Beginning with the line that holds "Cap'n Crunch Berrytastic" and finishing with the line that holds "Louis Vuitton Patch Varsity Jacket", repeat the listing exactly, leaving every picture out.

Material for this task:
%%

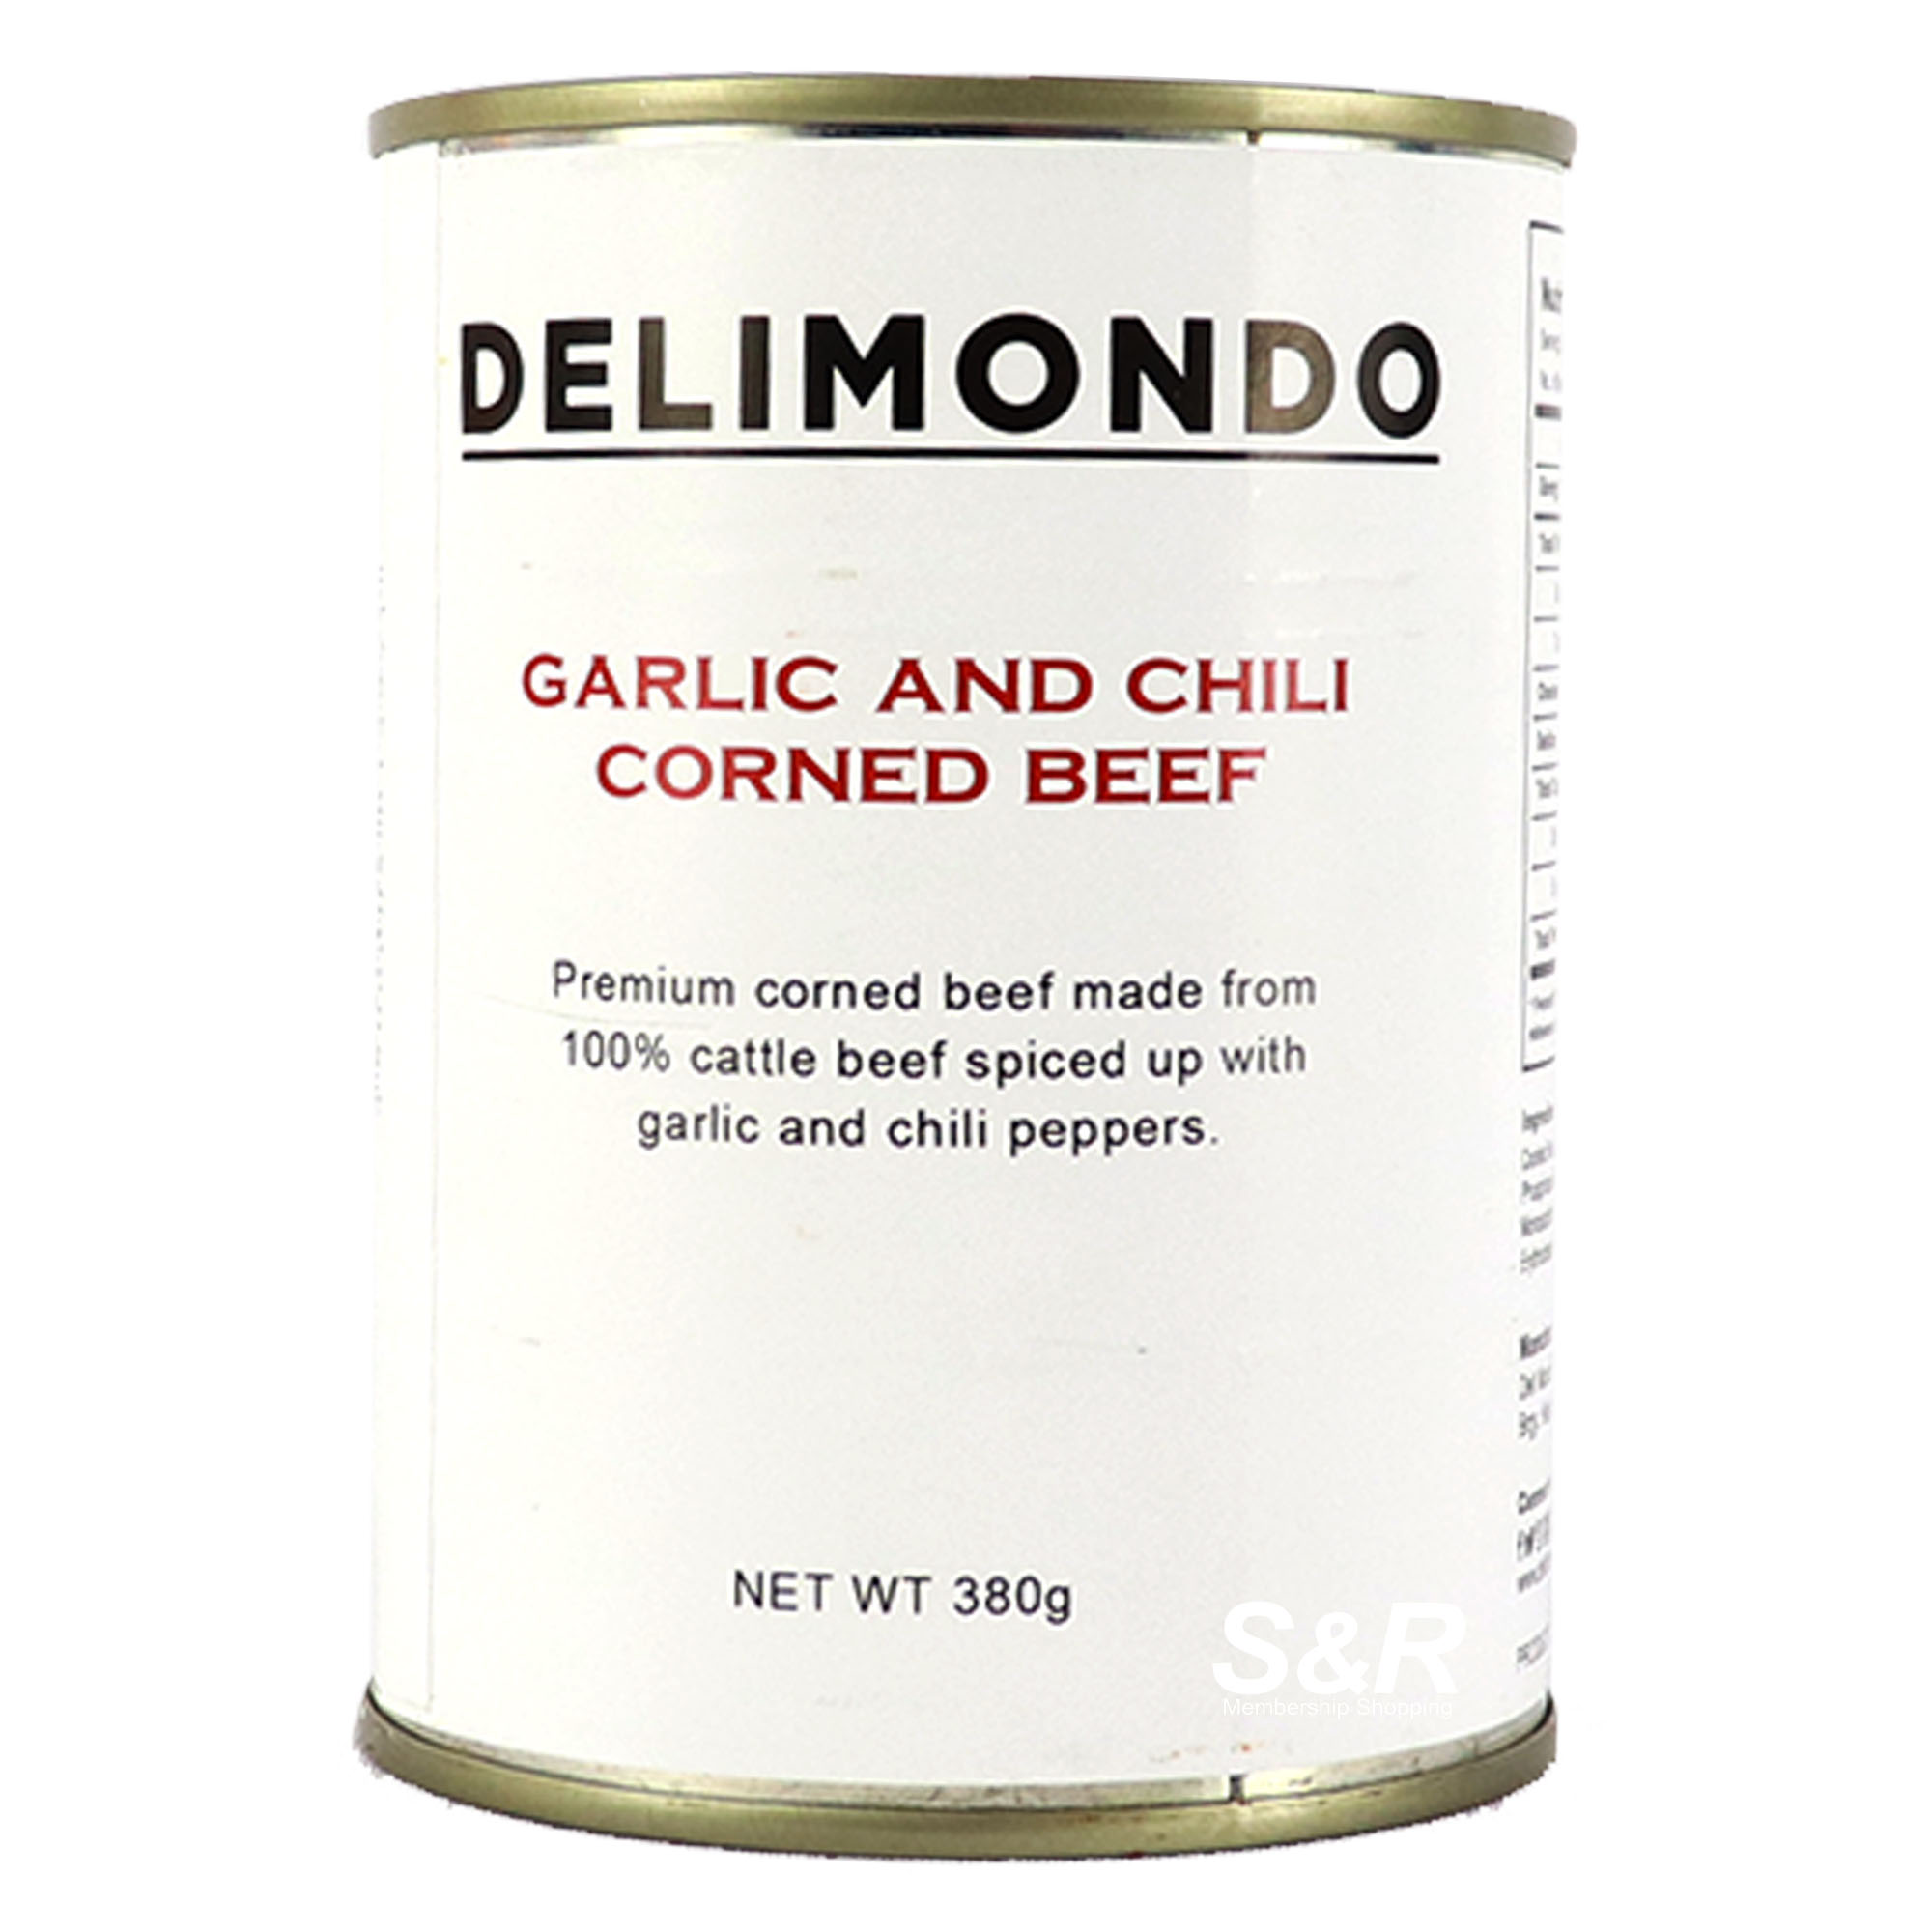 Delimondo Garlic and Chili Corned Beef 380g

%%
%%

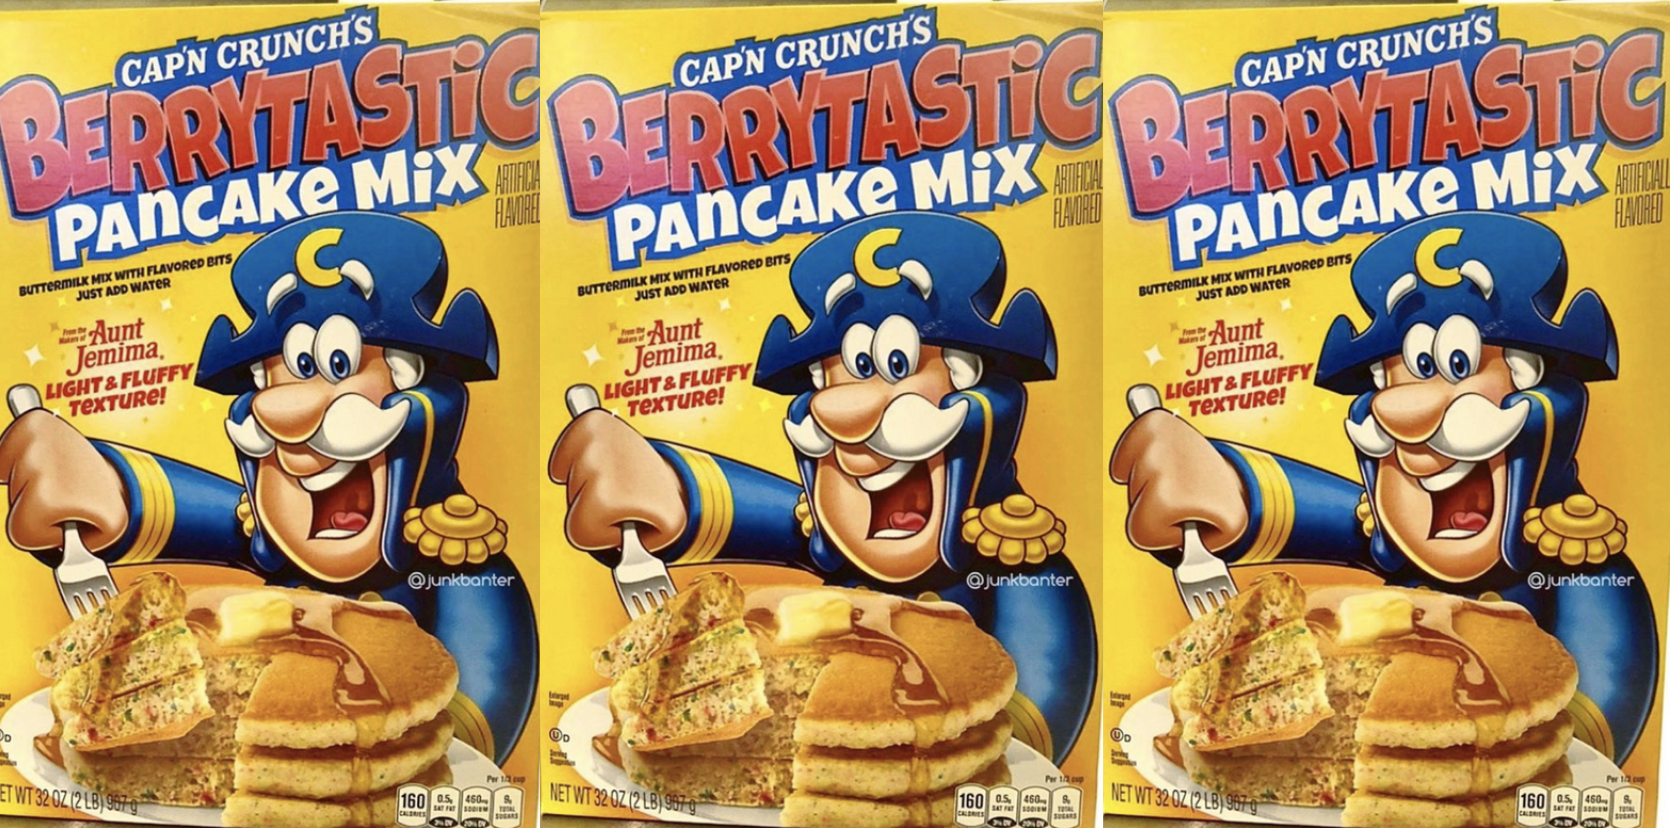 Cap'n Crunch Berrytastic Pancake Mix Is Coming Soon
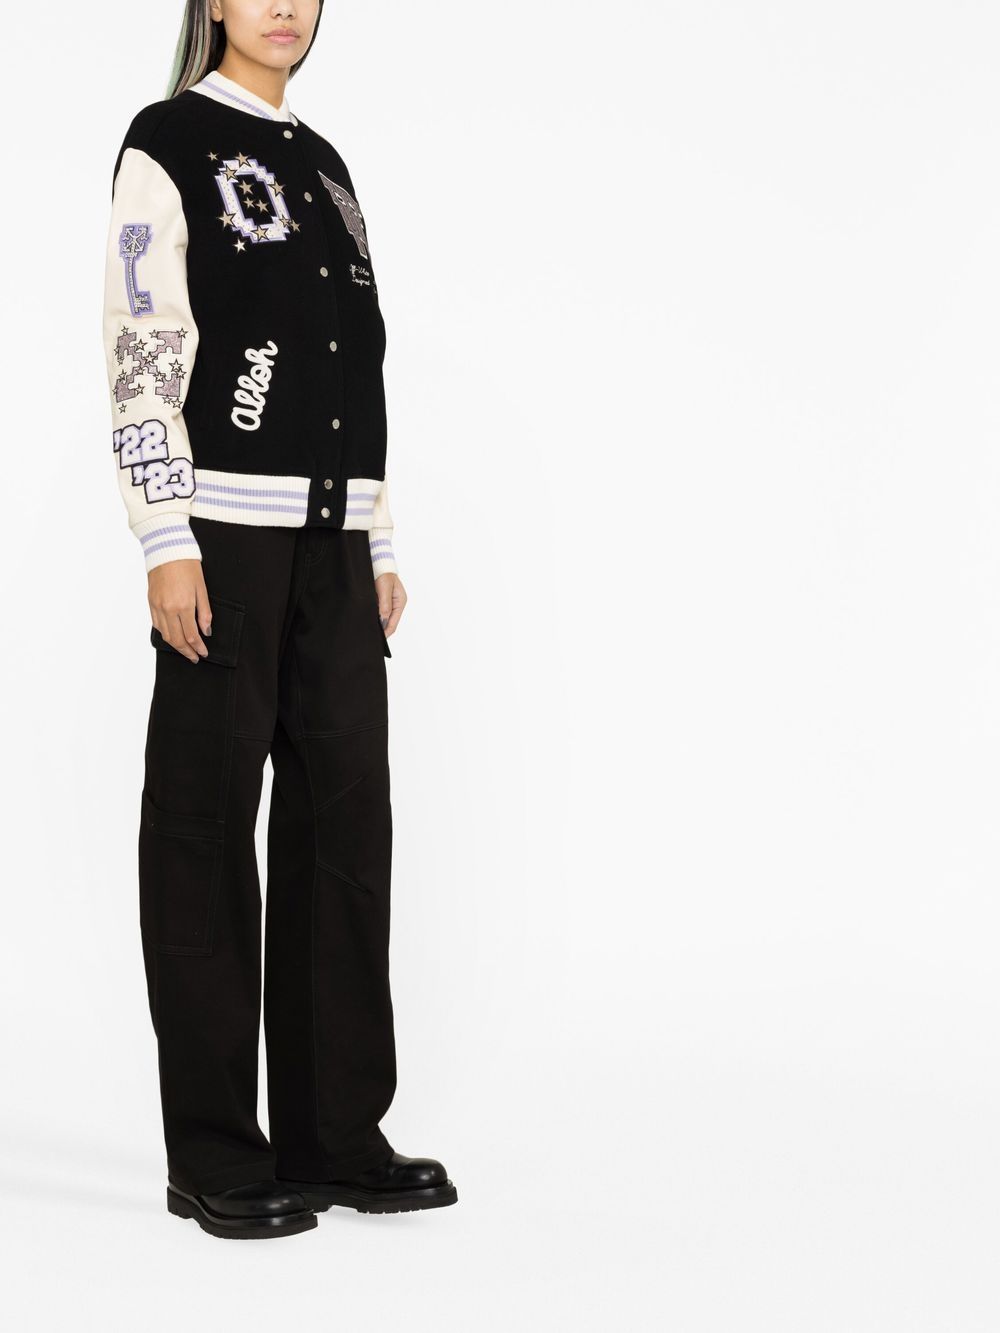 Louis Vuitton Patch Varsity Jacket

%%

Response below:
 Cap'n Crunch Berrytastic Pancake Mix Is Coming Soon
 Louis Vuitton Patch Varsity Jacket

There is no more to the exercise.